Still in the early early stages. Can be a little slow going since I’m treating this like a training project to strengthen my Python skills. Typing mechanics are nailed down, basic UI is in place.
Next is to get the functionality working for new-page, save, export, etc… and the correction tape mode.
What about some of the other distraction free editors, like [FocusWriter}(https://gottcode.org/focuswriter/) and Ghost Writer
Your project looks very interesting. I would like to understand how it differs from the other “distraction free” applications that are out there. (Granted, you are saying “minimal” instead of “distraction free”.)
Essentially, it’s a digital typewriter (or as close as I can make it).
That means a few things, but the biggest ones are:
- No cursor. The “paper” moves left to right under a caret (the bottom red triangle) in order to place the next character.
- No word wrap. A “ding” warns you when you’re reaching the right margin and you with do a carriage return, which moves that paper up one line and back to the left margin.
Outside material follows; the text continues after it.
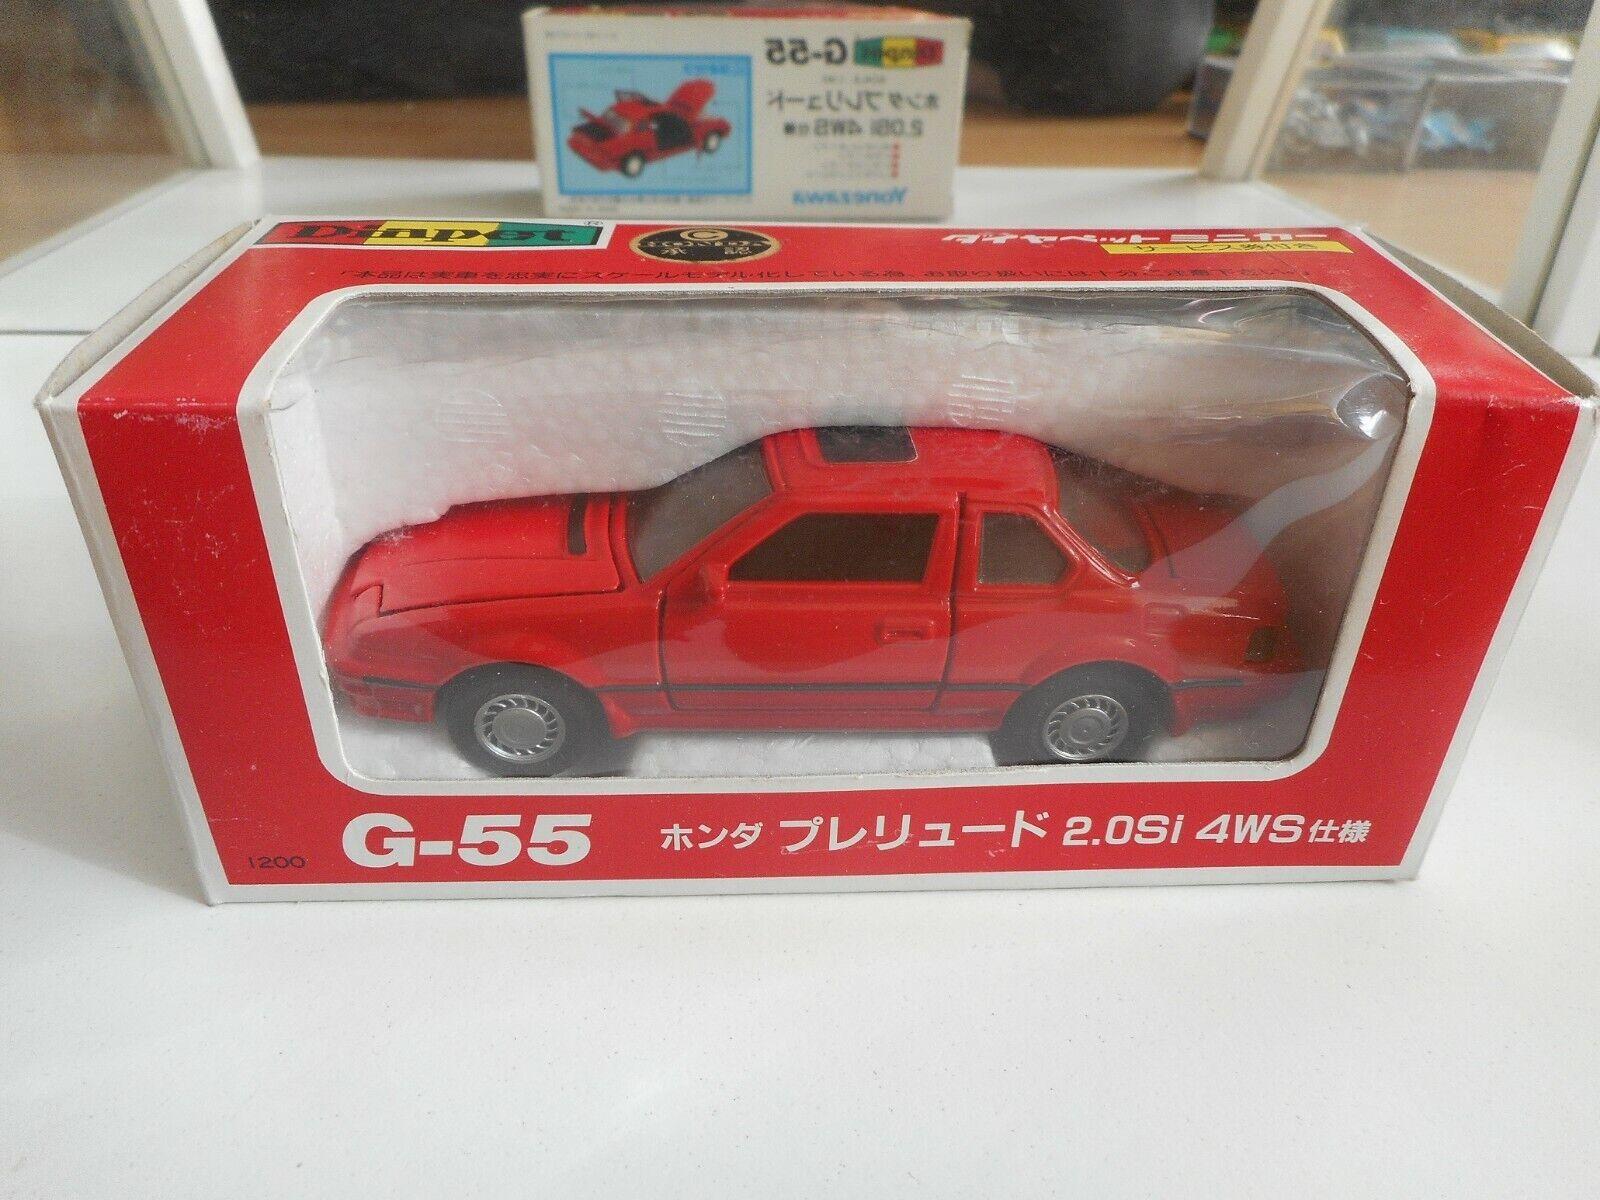 Yonezawa Diapet Honda Prelude 2.0 SI 4Ws in red on 1 40 in Box

- No backspace. Hitting backspace or delete will move the carriage back however many spaces, but it doesn’t delete what is typed. Instead your new characters are on-top of the old ones, just like a typewriter. If you want to “delete” a word, there’s a “correction tape”, which allows you to retype over the word in “white ink”, effectively erasing it. Or you can simply do what I do on a typewriter, which is go back and cover the error with xxxxx and keep moving forward.
- Related to the above, there is no block selecting of text. For all intents and purposes, what you’ve typed is immutable. Like typing on a piece of paper, once it’s typed, it’s typed. The correction tape gives you a limited ability to correct errors, but trying to do that for an entire paragraph would be a pain in the butt.
- (optional) only your last ten pages are visible. As new pages are added, older ones move into a “done” folder so you can’t fall into a continuous editing cycle instead of making forward progress.
Ahh, I missed the concept that you were simulating the experience of using a typewriter.
How far are you planning to take the concept? Are you going to make people manually set up margins, tab stops, headers, footers, etc?
Nothing that complex with tab stops, etc… At least not yet. The caret is tied to a margin/ruler up top that will allow people to slide the paper back and forth to set both the left margin, and at the same time, when on the right, the “ding” occurs. And that’s about the only option in that regard.
Looks cool! I wrote something along similar lines a couple years ago that might interest you: https://github.com/areldyb/ylinat
That looks great! Mind if I take some lessons from it to make my own better?
Go for it!
(One thing though: I released YLINAT under the GPL-3 license. I’m not a lawyer-guy but I think the way the GPL license works is that if you take actual code from it, then the GPL license will apply if you distribute Karit? Something like that. But ideas/lessons, totally fine.)
Likely won’t need to copy anything directly. But mine is going to be GPL-3 itself when it’s finally done anyway. Thanks.
Sign me up!
Wow, this looks rad.
Nice work, but I’m curious if you checked out Novel Writer (https://novelwriter.io/)?
Yes. Too many features. Not looking for a novel writer. Looking for something that simulates nothing more than putting a piece of paper in a typewriter and hitting the keys.